Measuring General Intelligence with Generated Games

Abstract: We present gg-bench, a collection of game environments designed to evaluate general reasoning capabilities in LLMs. Unlike most static benchmarks, gg-bench is a data generating process where new evaluation instances can be generated at will. In particular, gg-bench is synthetically generated by (1) using a LLM to generate natural language descriptions of novel games, (2) using the LLM to implement each game in code as a Gym environment, and (3) training reinforcement learning (RL) agents via self-play on the generated games. We evaluate LLMs by their winrate against these RL agents by prompting models with the game description, current board state, and a list of valid moves, after which models output the moves they wish to take. gg-bench is challenging: state-of-the-art LLMs such as GPT-4o and Claude 3.7 Sonnet achieve winrates of 7-9% on gg-bench using in-context learning, while reasoning models such as o1, o3-mini and DeepSeek-R1 achieve average winrates of 31-36%. We release the generated games, data generation process, and evaluation code in order to support future modeling work and expansion of our benchmark.

• The paper introduces gg-bench, a novel benchmark that dynamically generates strategy games to evaluate LLMs' general intelligence.
• It employs a procedural approach where LLMs generate game descriptions and implementations, with RL agents trained through self-play to provide measurable win rates.
• The findings highlight LLMs' strategic reasoning limitations and set the stage for scalable, evolving evaluation frameworks in AGI research.

Measuring General Intelligence with Generated Games

Introduction

The pursuit of AGI remains at the forefront of AI research, with numerous challenges in assessing the capacity of AI systems to generalize across novel, unseen environments. The paper "Measuring General Intelligence with Generated Games" (2505.07215) introduces {gg-bench}, a sophisticated benchmark designed to evaluate the reasoning abilities of LLMs through the lens of dynamically generated gaming environments. This work departs from static evaluation paradigms by utilizing a data-generating process that produces diverse and original game instances driven by LLM capabilities.

Benchmark Overview

{gg-bench} comprises a collection of game environments where LLMs are tasked with competing against reinforcement learning (RL) agents in synthesized games. These games are generated through a procedural method leveraging LLMs for crafting descriptions and implementations of two-player strategy games (Figure 1). The process begins with LLMs producing natural language descriptions of novel games, followed by coding these games into Gym environments. RL agents are then trained using self-play to establish competitive benchmarks against which the LLMs are evaluated. This paradigm emphasizes evaluating models based on their win rates against RL-trained agents rather than merely solved static tasks.
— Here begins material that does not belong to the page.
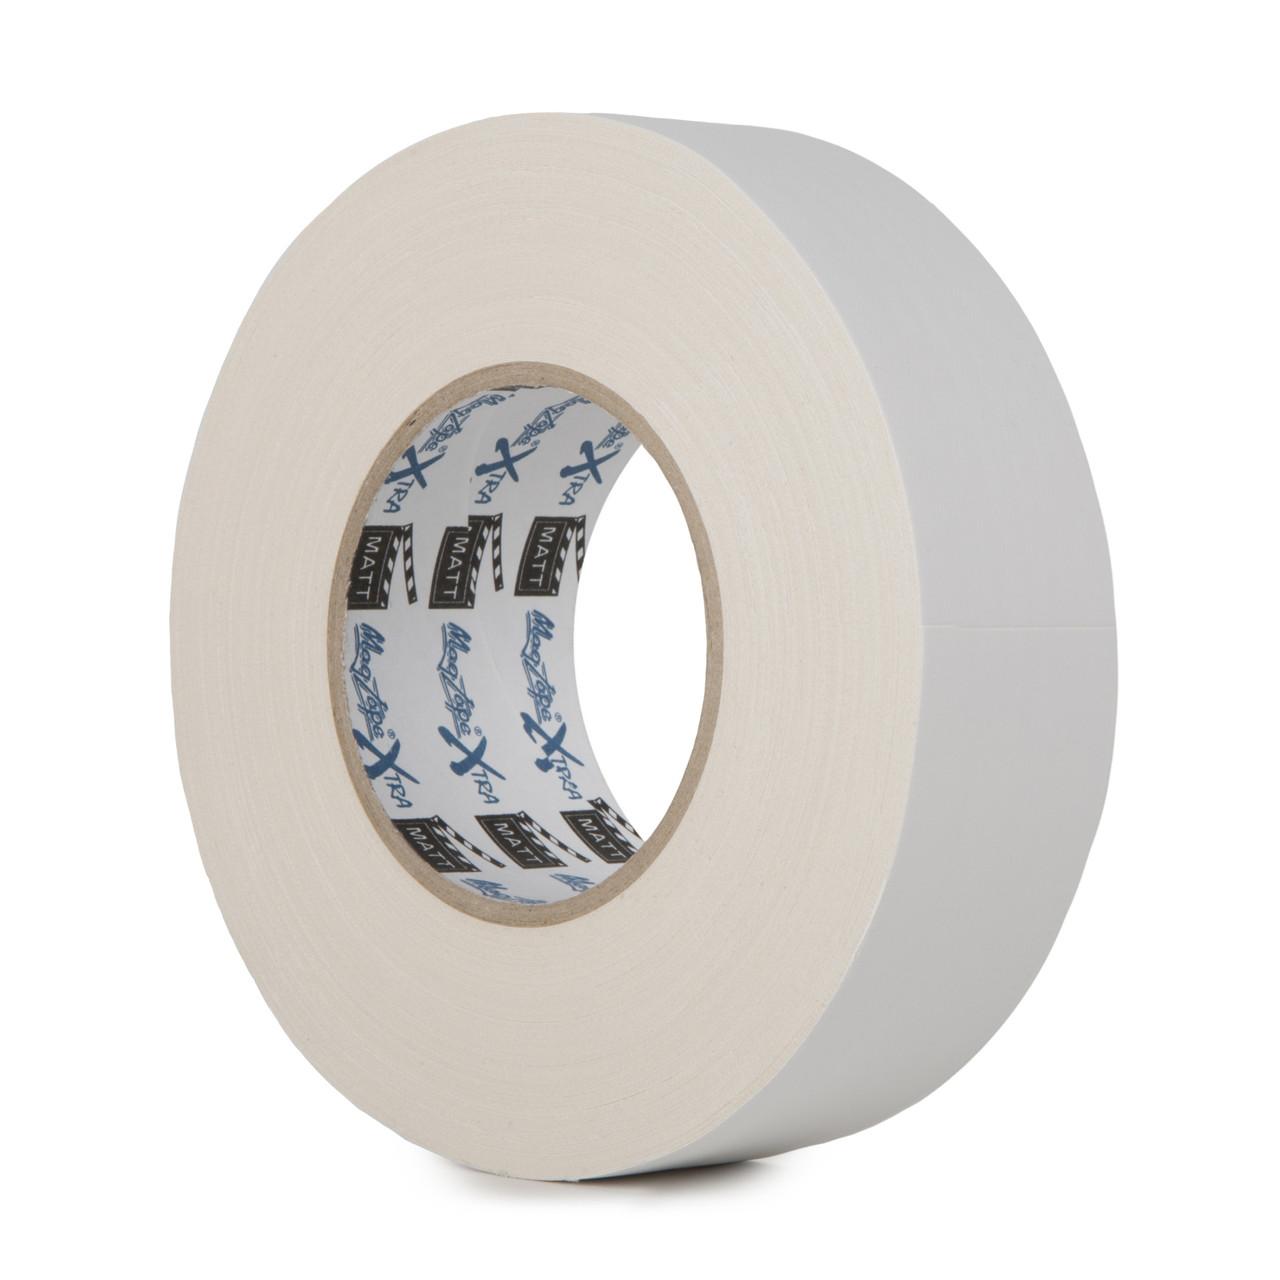 Матовая клейкая лента LE MARK MAGTAPE™ XTRA MATT 25мм x 50м White (MATTCTME25W)

Figure 1: Overview of our benchmark creation process. We start by generating descriptions of two-player strategy games, after which we generate implementations of these games as Gym environments. Lastly, we employ self-play reinforcement learning to train agents on these games.

Evaluation Process

The evaluation utilizes various state-of-the-art LLMs and reasoning models, such as GPT-4o and DeepSeek-R1, assessing their performance through win rates against RL agents. The benchmark is notably challenging; non-reasoning LLMs achieve win rates between 7% and 9%, while advanced reasoning models demonstrate win rates from 31% to 36%. The primary failure of current LLMs stems from their inability to execute strategic reasoning over extended gameplay sequences, highlighting the necessity for structured decision-making and adaptability.

Analysis of Generated Games

The games within {gg-bench} exhibit considerable diversity in terms of gameplay mechanics and strategic elements. The generated environments are scrutinized for code similarity using Dolos, ensuring the originality and non-plagiarized nature of each instance (Figure 2). Despite the procedural generation process, the games span categories from number-based puzzles to combinatorial strategy, ensuring a broad spectrum of complexity and challenge.

Figure 2: Distribution of the highest similarity score for every one of the 126 games in {gg-bench}.

Implications and Future Work

The scalability of {gg-bench} as a dynamic benchmark offers a robust platform for future expansions and refinements as AI progresses. This dynamic aspect ensures that as more sophisticated models are developed, the benchmark can evolve through generating new, increasingly complex games. The approach also proposes empirical demonstrations that models can generate tasks they themselves are unable to solve, suggesting a trajectory for future model development aiming towards AGI. Future work will focus on enhancing the benchmarks’ difficulty and breadth, illustrating continuous improvements in both game complexity and model reasoning ability.

Conclusion

The paper presents a forward-thinking approach to measuring general intelligence in LLMs through dynamically generated games, setting a precedent for scalable, procedurally generated benchmarks. By releasing the data generation code, the paper opens new avenues for exploring and expanding AGI evaluation methods, ultimately contributing significantly to the field’s understanding and pursuit of truly intelligent systems.